## BRIEF
Copy all lines below exactly as written. Leave pictures out.

## DATA EXCERPT
⟨

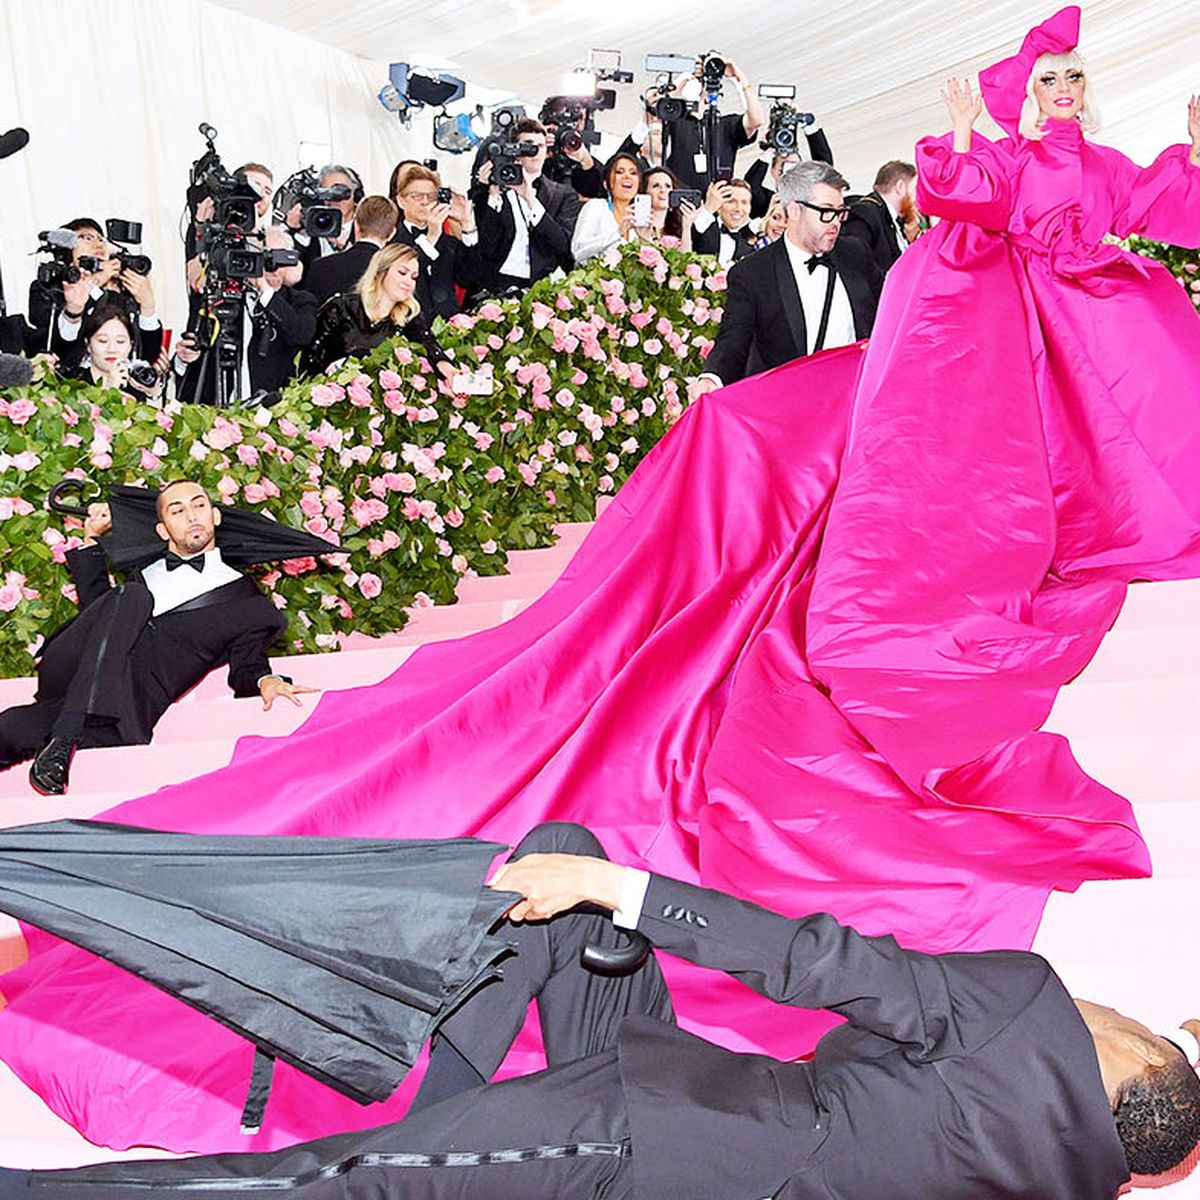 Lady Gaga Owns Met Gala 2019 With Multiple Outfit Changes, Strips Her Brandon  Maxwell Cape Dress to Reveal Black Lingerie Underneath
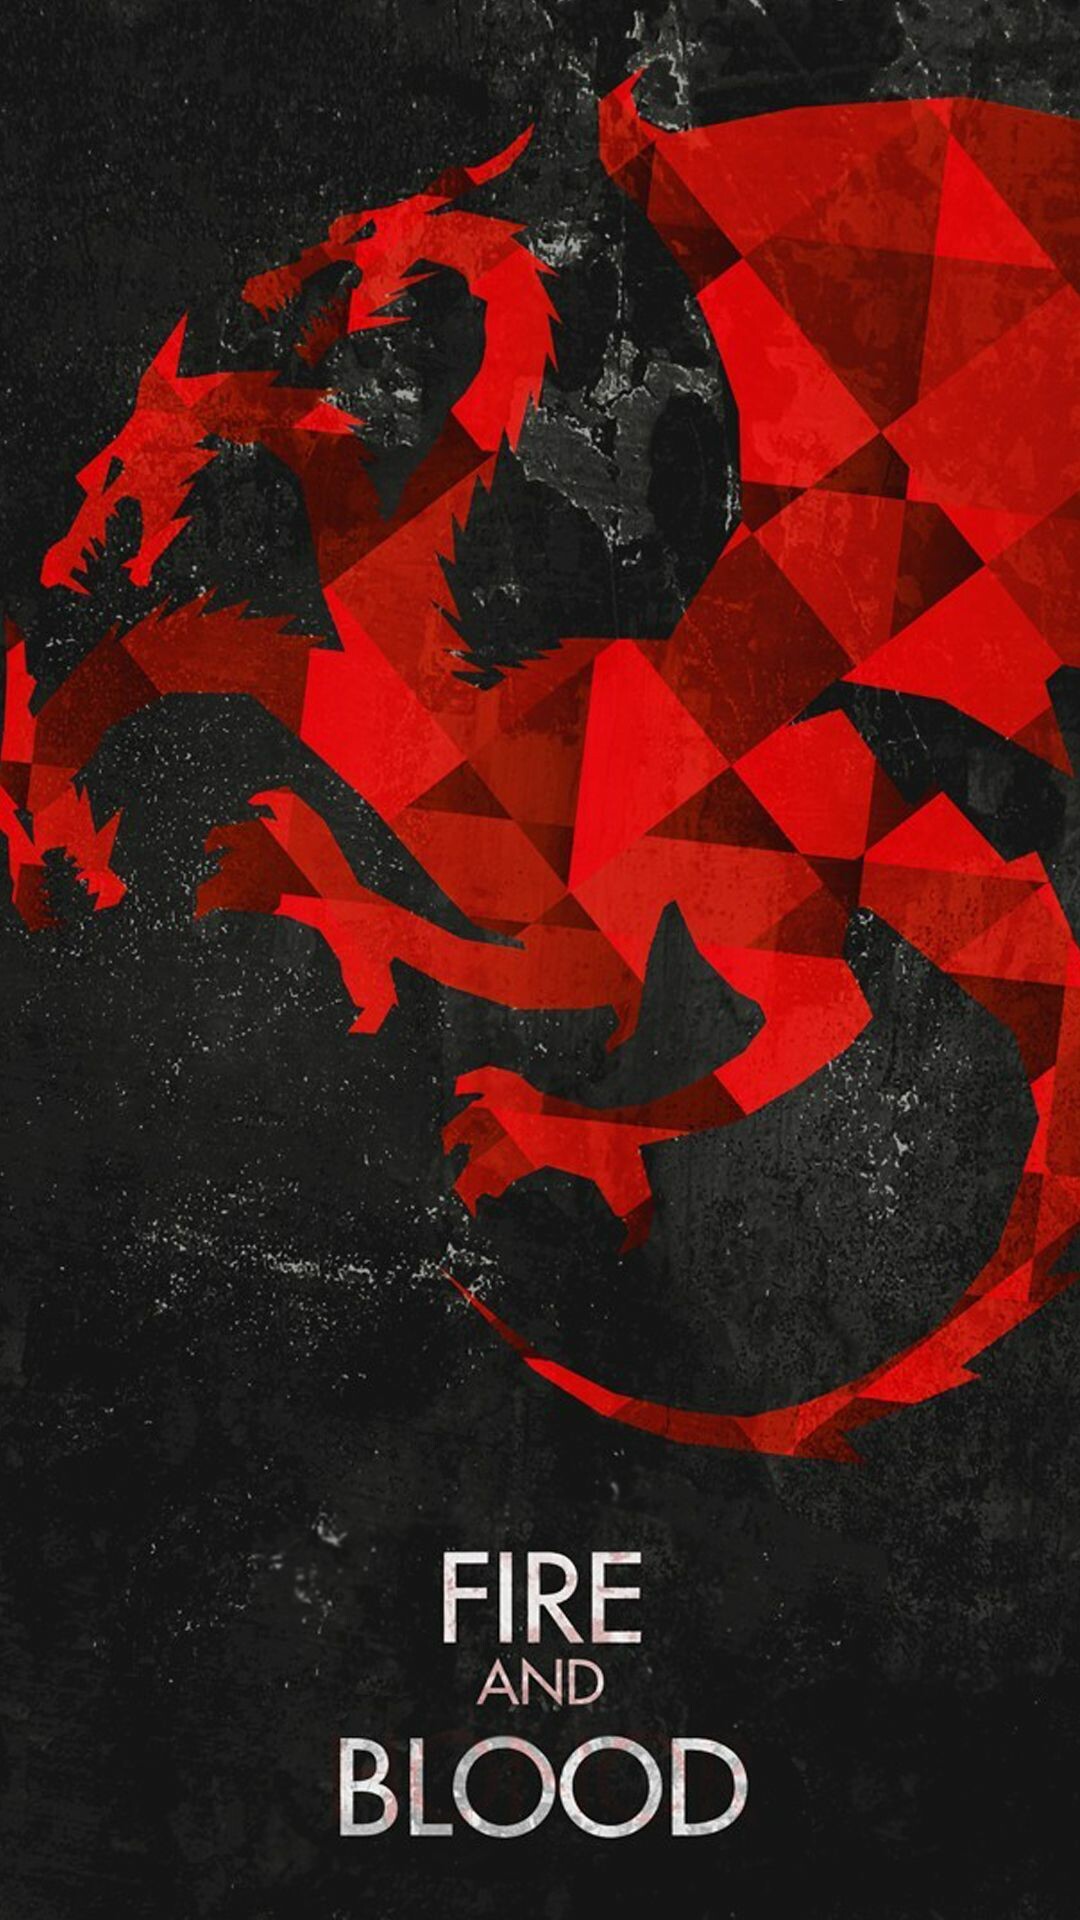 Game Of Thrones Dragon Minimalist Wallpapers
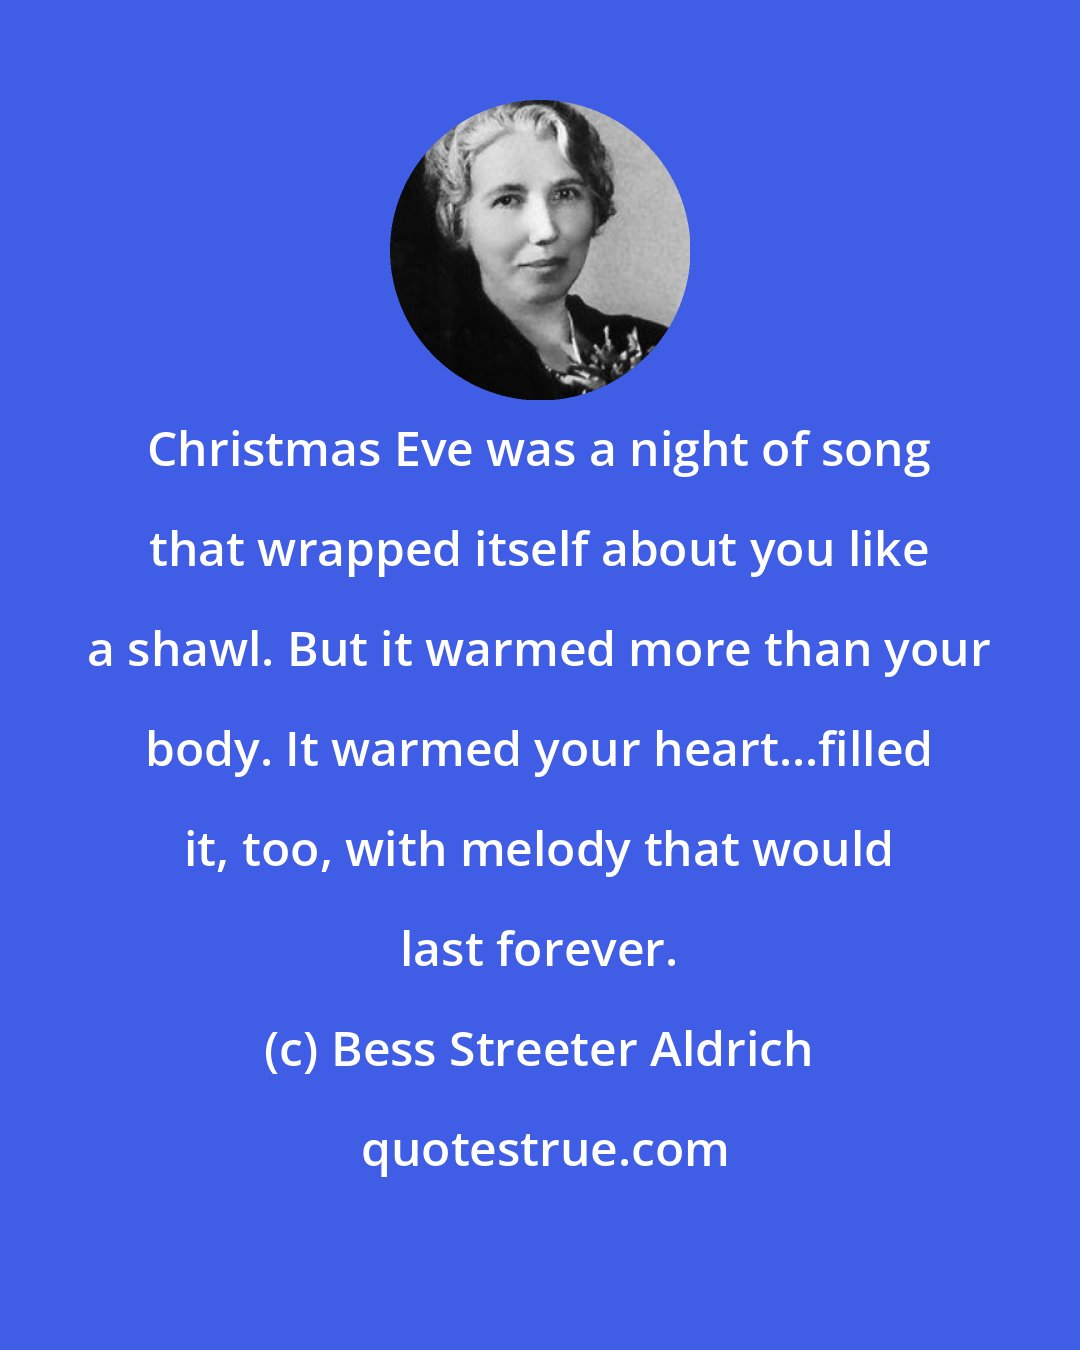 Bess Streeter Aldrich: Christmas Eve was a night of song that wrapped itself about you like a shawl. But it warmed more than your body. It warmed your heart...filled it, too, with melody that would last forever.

⟩

## EXERCISE RESPONSE
 Lady Gaga Owns Met Gala 2019 With Multiple Outfit Changes, Strips Her Brandon  Maxwell Cape Dress to Reveal Black Lingerie Underneath
 Game Of Thrones Dragon Minimalist Wallpapers
 Bess Streeter Aldrich: Christmas Eve was a night of song that wrapped itself about you like a shawl. But it warmed more than your body. It warmed your heart...filled it, too, with melody that would last forever.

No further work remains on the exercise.